Dzisiaj, w dniu, w którym prezydencka partia przegłosowała w parlamencie totalitarną ustawę przeciw manifestacjom publicznym, na ulice Paryża i innych miast Francji wyszły dziesiątki tysięcy ludzi, by domagać się demokratyzacji Francji i sprawiedliwości społecznej, przeciw neoliberalnemu, faszyzującemu szaleństwu oligarchii. Pierwszy raz związek zawodowy CGT oficjalnie wystąpił obok „żółtych kamizelek”.
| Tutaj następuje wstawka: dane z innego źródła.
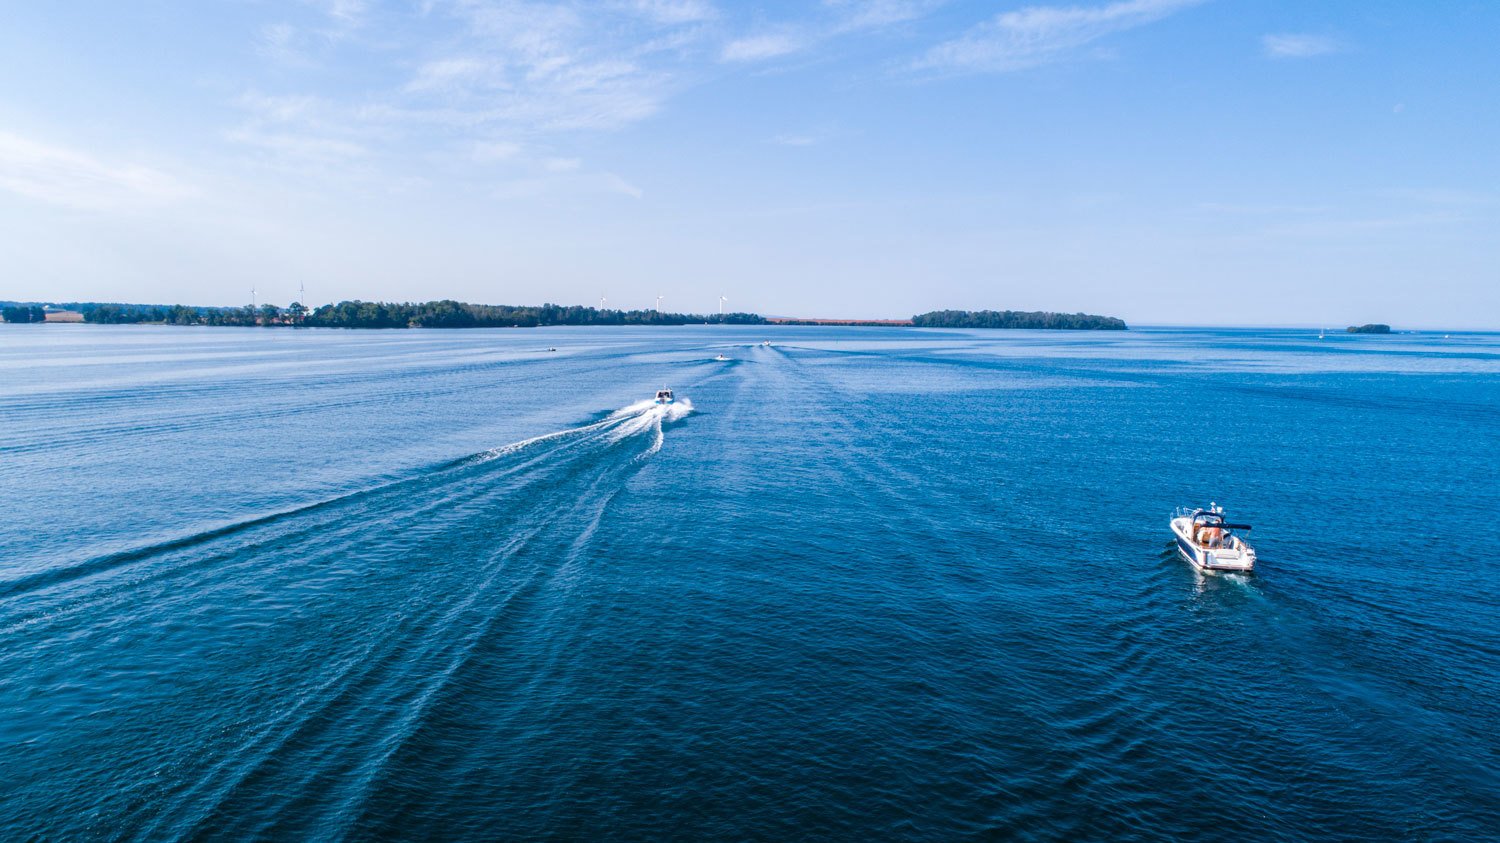 Drönarfoto över klarblått vatten och himmel. I vattnet åker två motorbåtar.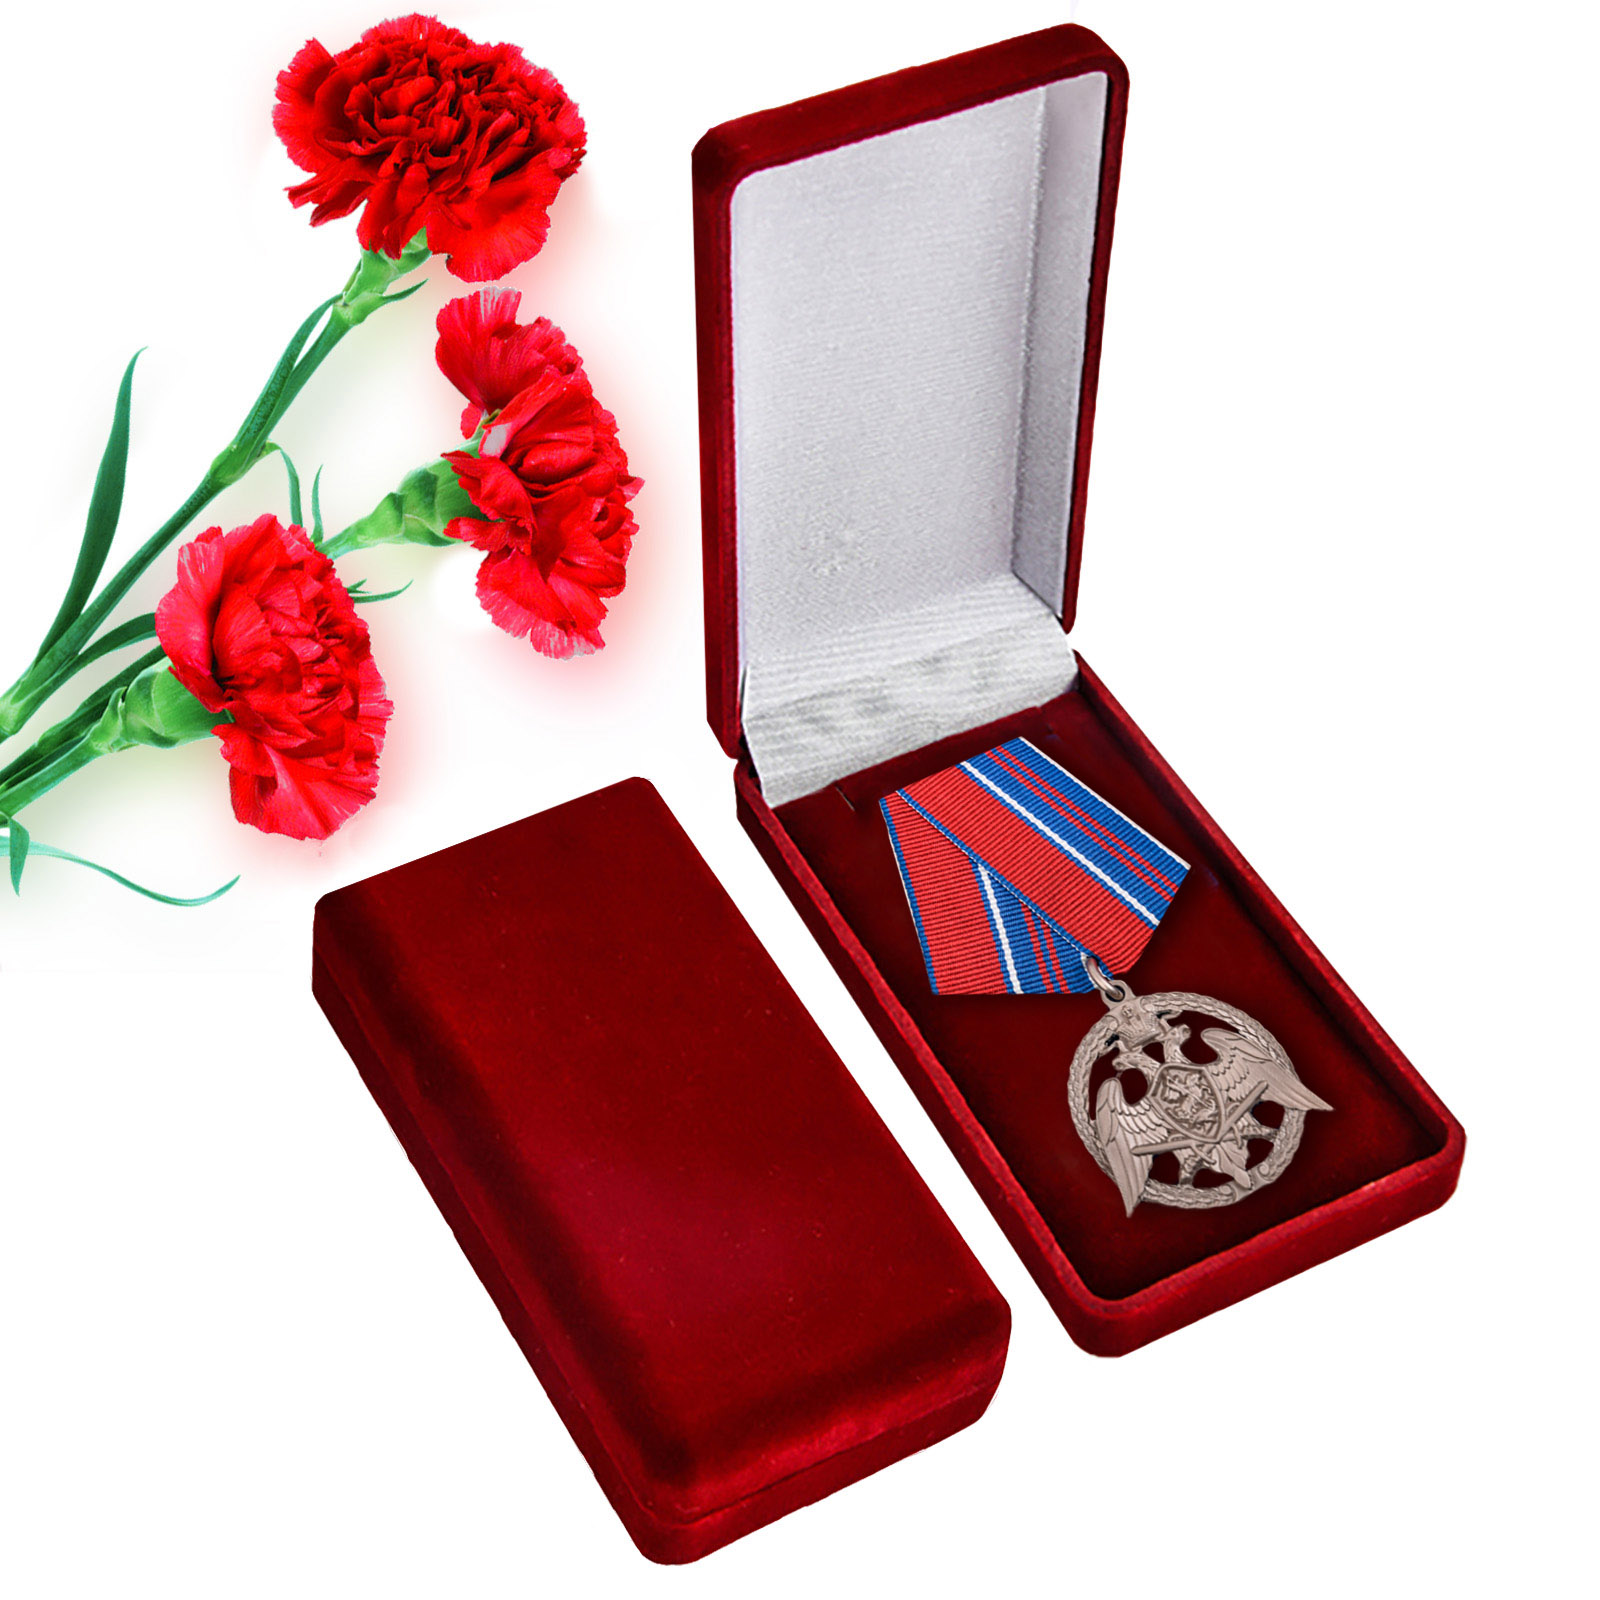 Медаль Росгвардии "За проявленную доблесть" 2-й степени

Lewicowy postulat „konwergencji walk” (łączenia się różnych środowisk – związkowych i politycznych – na rzecz wspólnych interesów) realizował się dziś w całym kraju. Wspólne manifestacje związkowców, „żółtych kamizelek”, które dotąd traktowały związki raczej nieufnie, stowarzyszeń młodzieżowych i lewicowych partii politycznych odbyły się m.in. w Marsylii, Lyonie, Tuluzie, Caen, Strasburgu, Hawrze, Rennes, Clermont-Ferrand, Bordeaux i Nîmes.
W Paryżu 30-tysięczny tłum został zaatakowany przez policję, doszło do starć i przepychanek, podobnie w Bordeaux i kilku innych miastach, jednak na ogół protesty odbyły się w spokoju. Wszędzie podnoszono te same postulaty: dymisji Macrona, podniesienia najniższych płac, sprawiedliwości fiskalnej, wprowadzenia referendów RIC, obrony usług publicznych i przeciw ograniczaniu prawa do manifestacji.
„Żółte kamizelki” szykują się do „Aktu 13” swych protestów w najbliższą sobotę. Można się spodziewać, że liczba uczestników wzrośnie . Postulaty „żółtych kamizelek” popiera znaczna większość Francuzów.